# Late season Pigweed



## dvcochran (Oct 1, 2017)

***Apologies up front for all the questions.

My sister-in-law's pastures have not been maintained well or sprayed the last 2-3 years. The Pigweed is bad in places and tall. 
1.) Is it too late in the year to spray 2-4-D (or similar) in middle TN? 
2.) If sprayed now, would you add a pre-emergent?
3.) Would it be better/more efficient just to bush hog it down now and wait until early spring to spray? 
4.) If it was sprayed now, how long would you wait to mow it down?
5.) Tillage is not an option for her. If it was mowed down, would you soil sample, add amendments and drill seed now (3-weeks after spraying)? 
6.) Just looking to get the pastures back in shape. This is not hay field. It does join hay field. No signs of it jumping the fence yet but if sprayed, would you just make a pass on the perimeter of the hay fields?

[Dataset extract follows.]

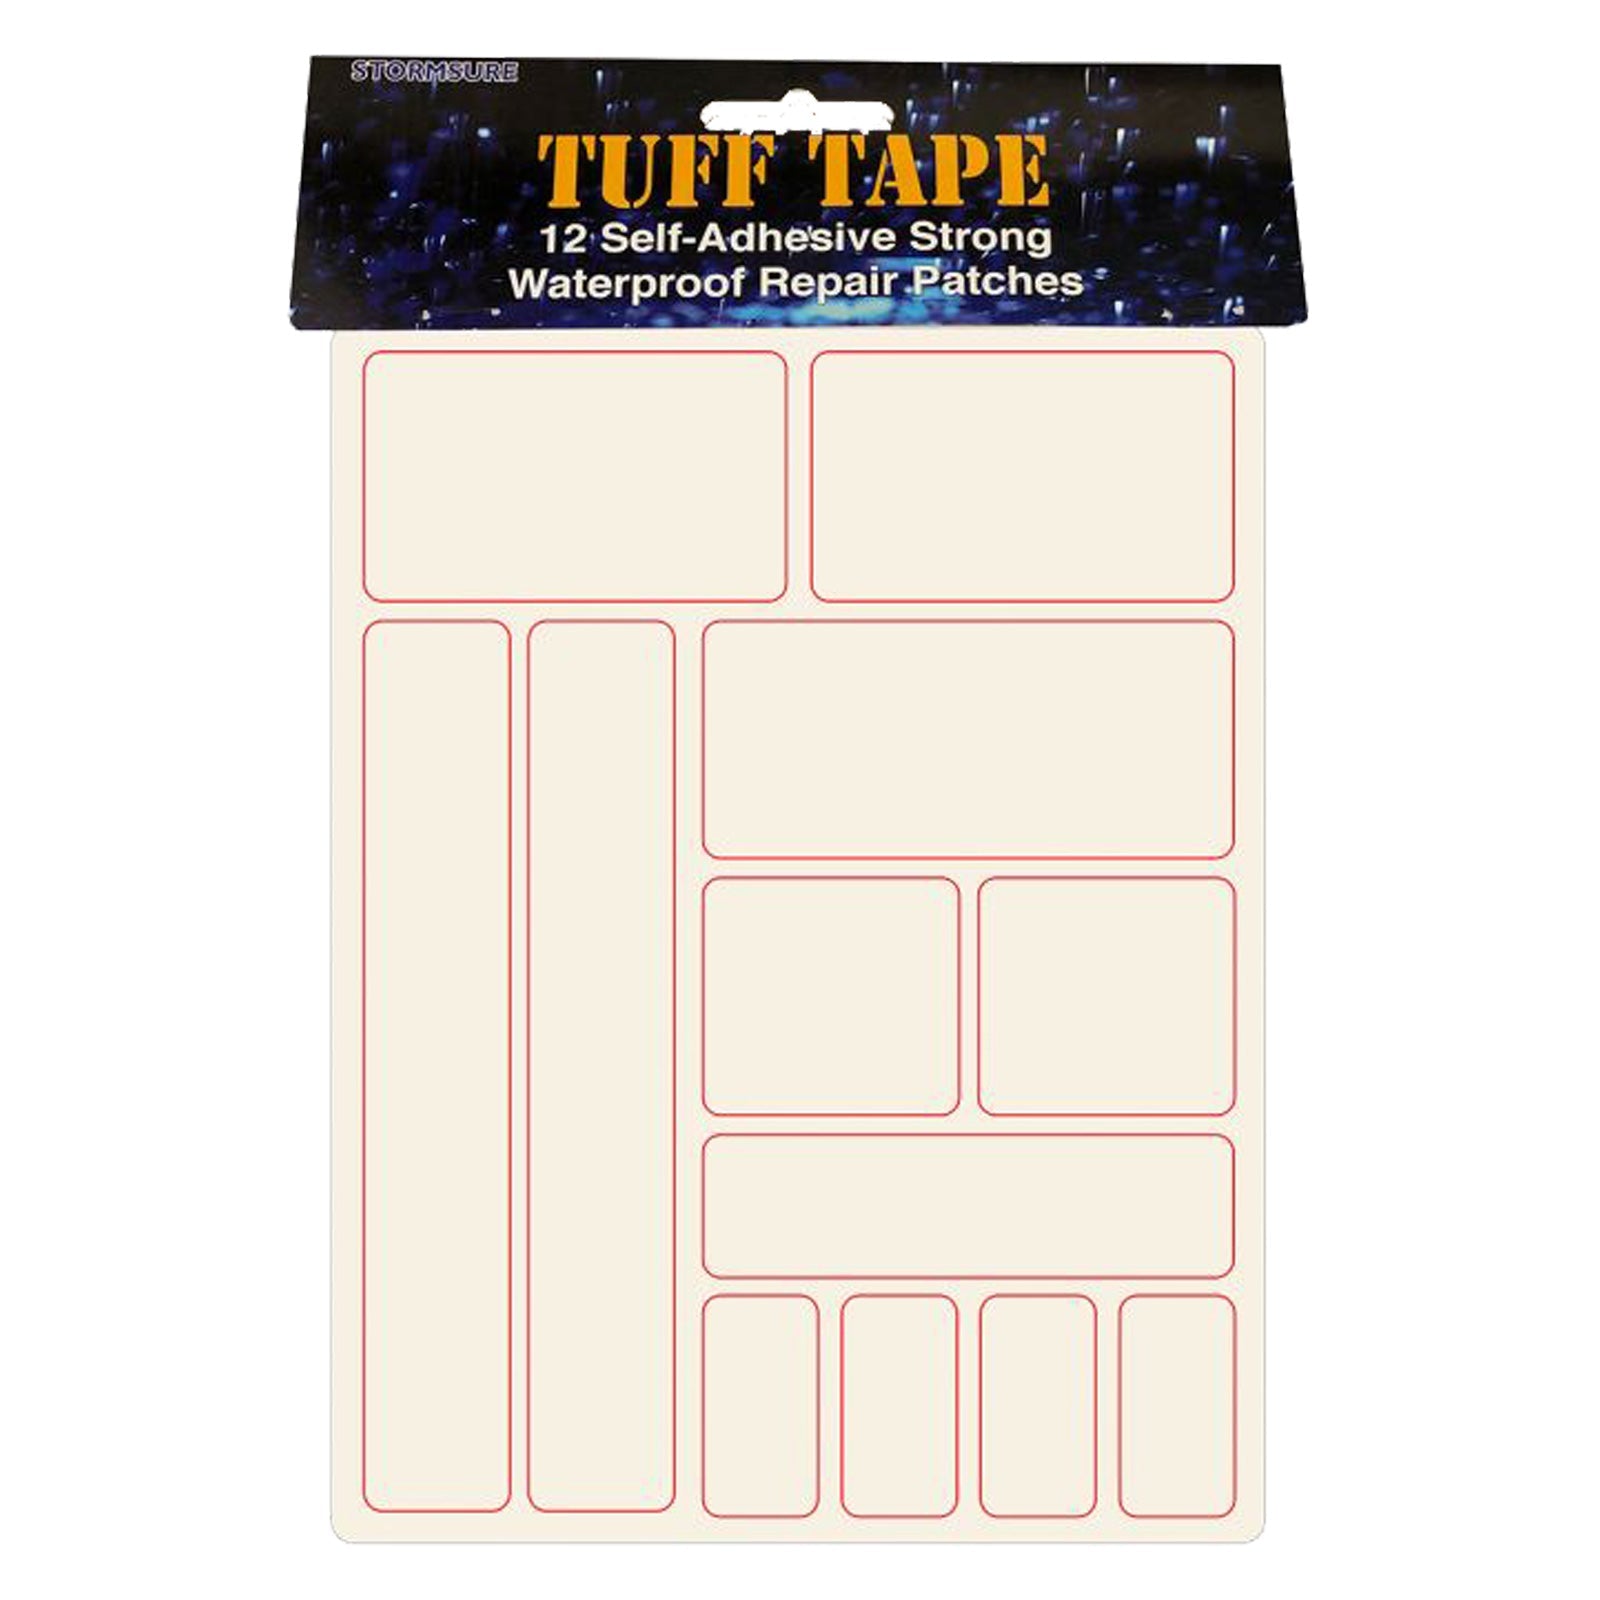 TUFF Tape Waterproof Repair Patch (12-Patches)
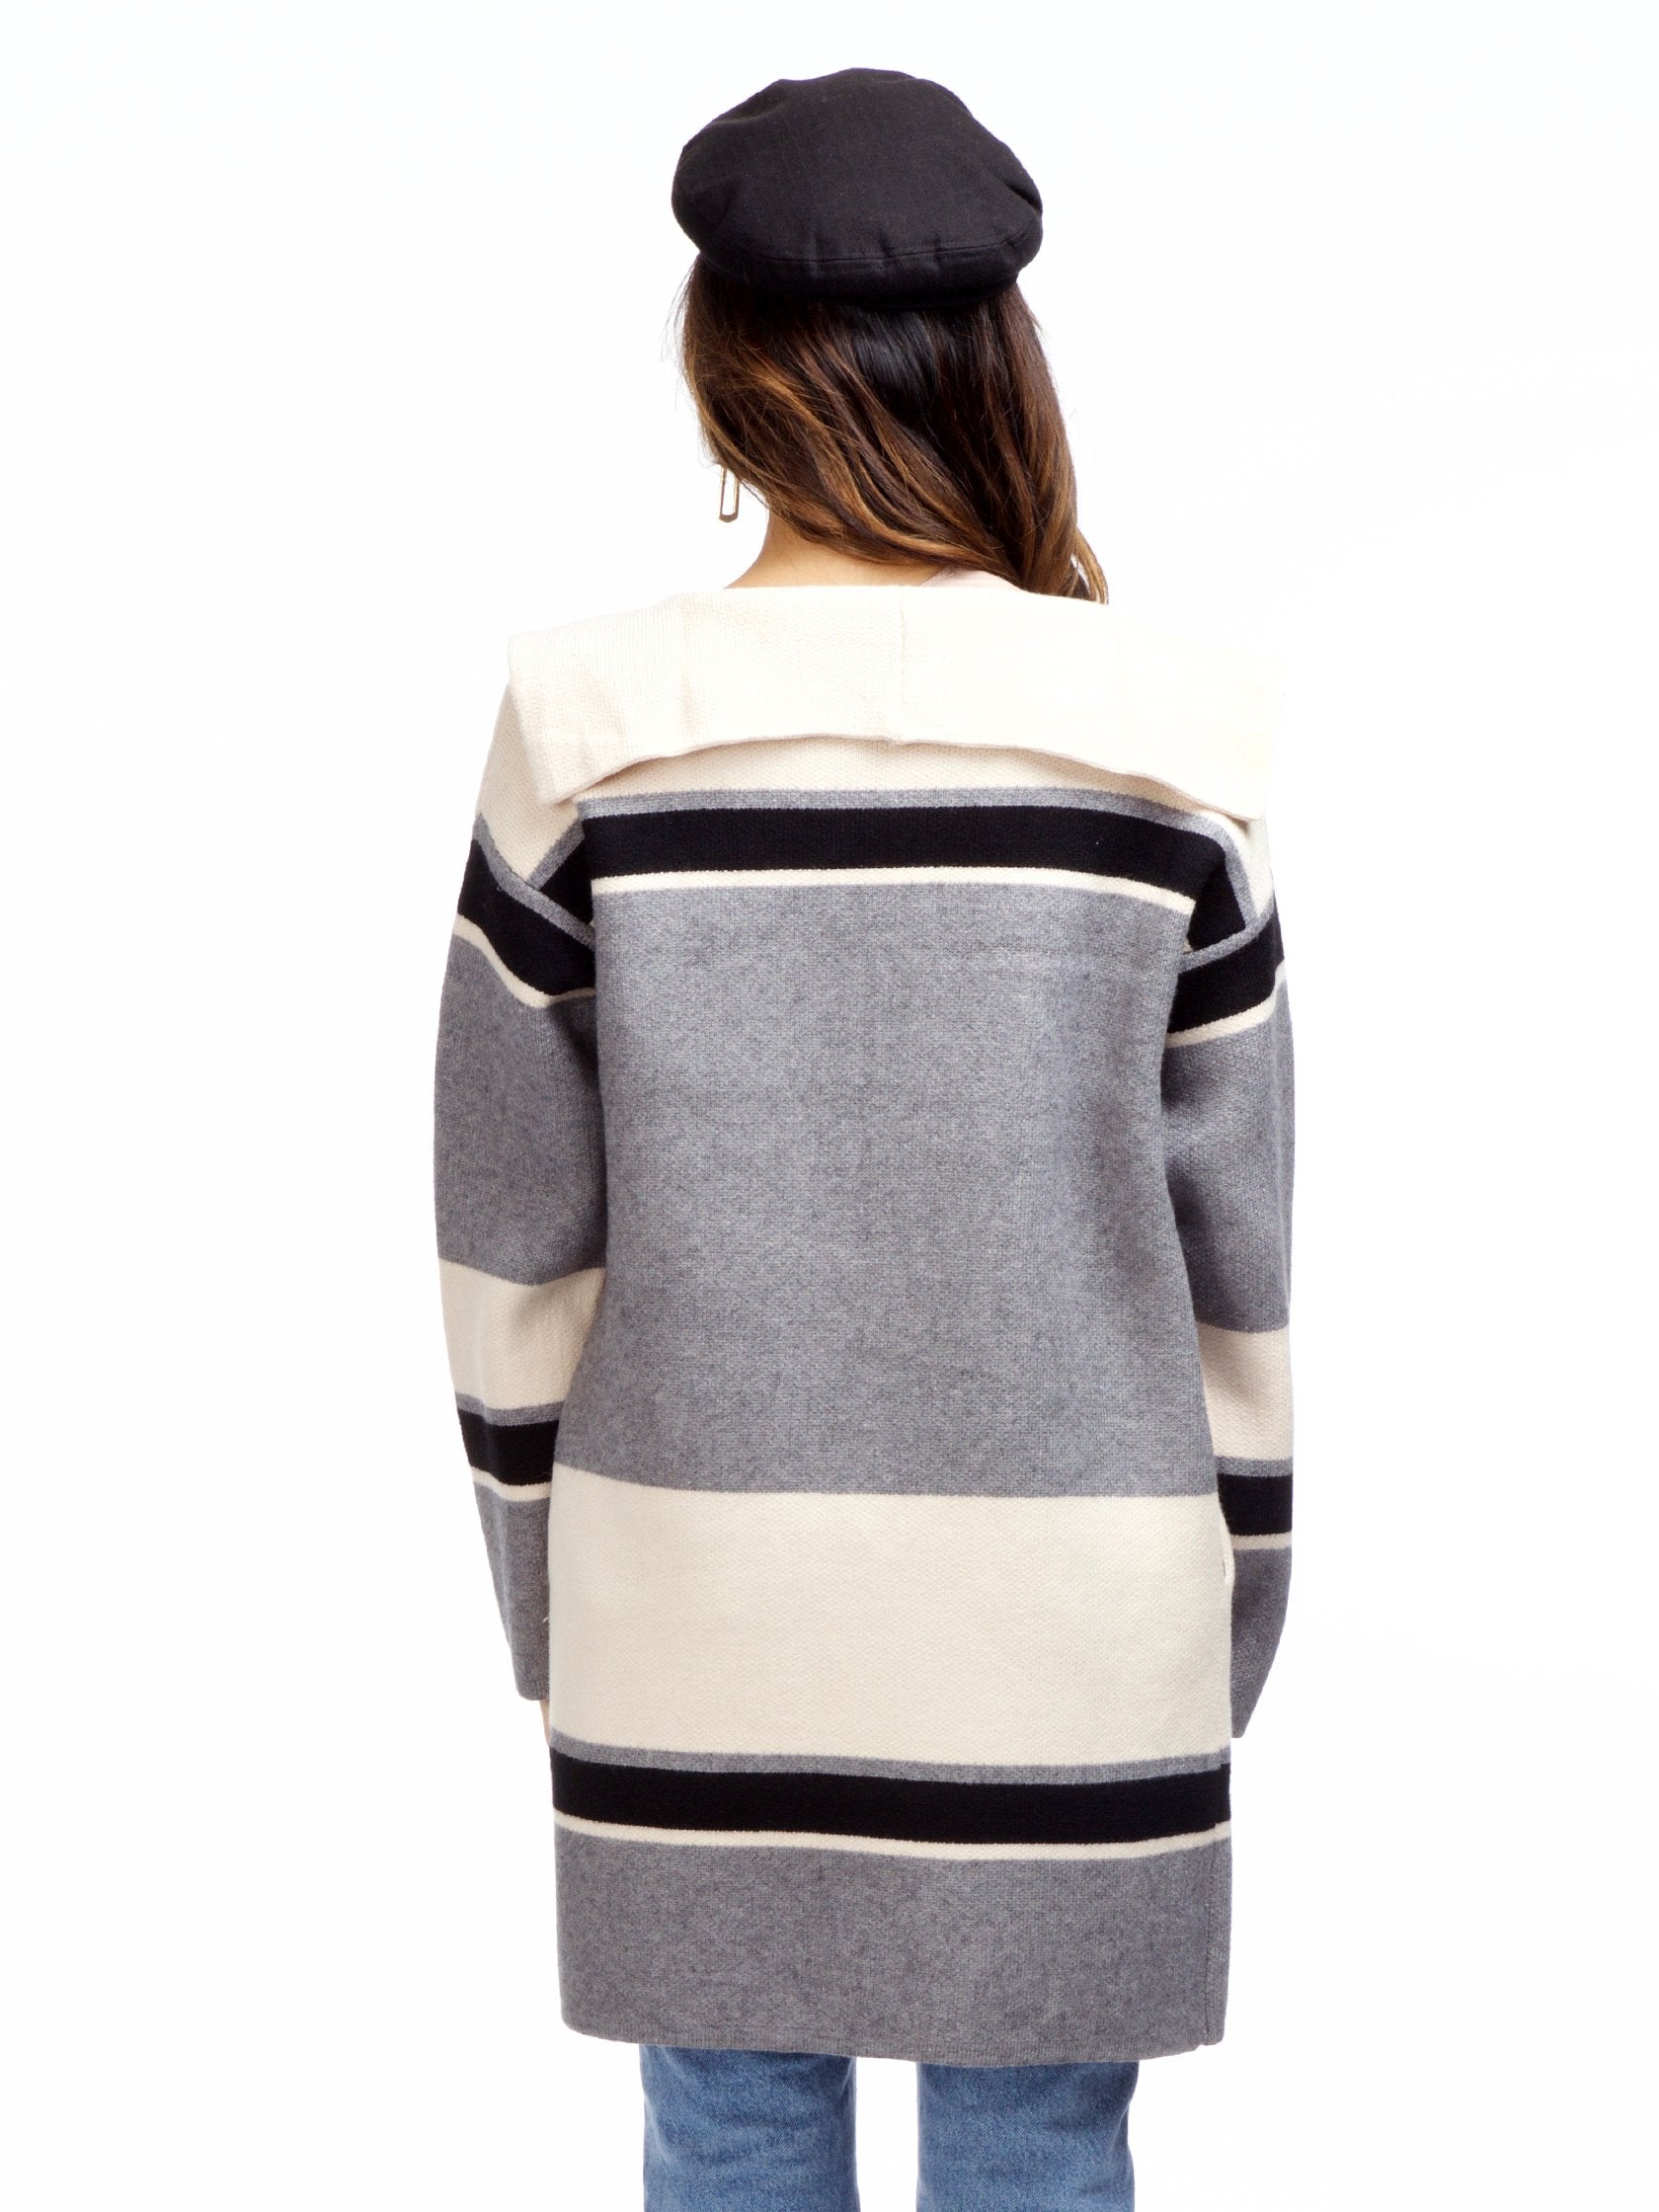 Women outfit in a cardigan rental from Strut & Bolt called Carmine Colorblock Knit Jacket

So sorry for all the questions. I am sort of getting thrown back into responsibility of this land and trying to get ahead of the bigger problems. Thanks, David


----------



## MTB98 (Feb 13, 2021)

Pigweed is an annual. Mow it down this year. You may need to mow it one more time depending on how long your growing season is.


----------



## Balerdan (4 mo ago)

I’d say mow it this time. Spray in the spring


----------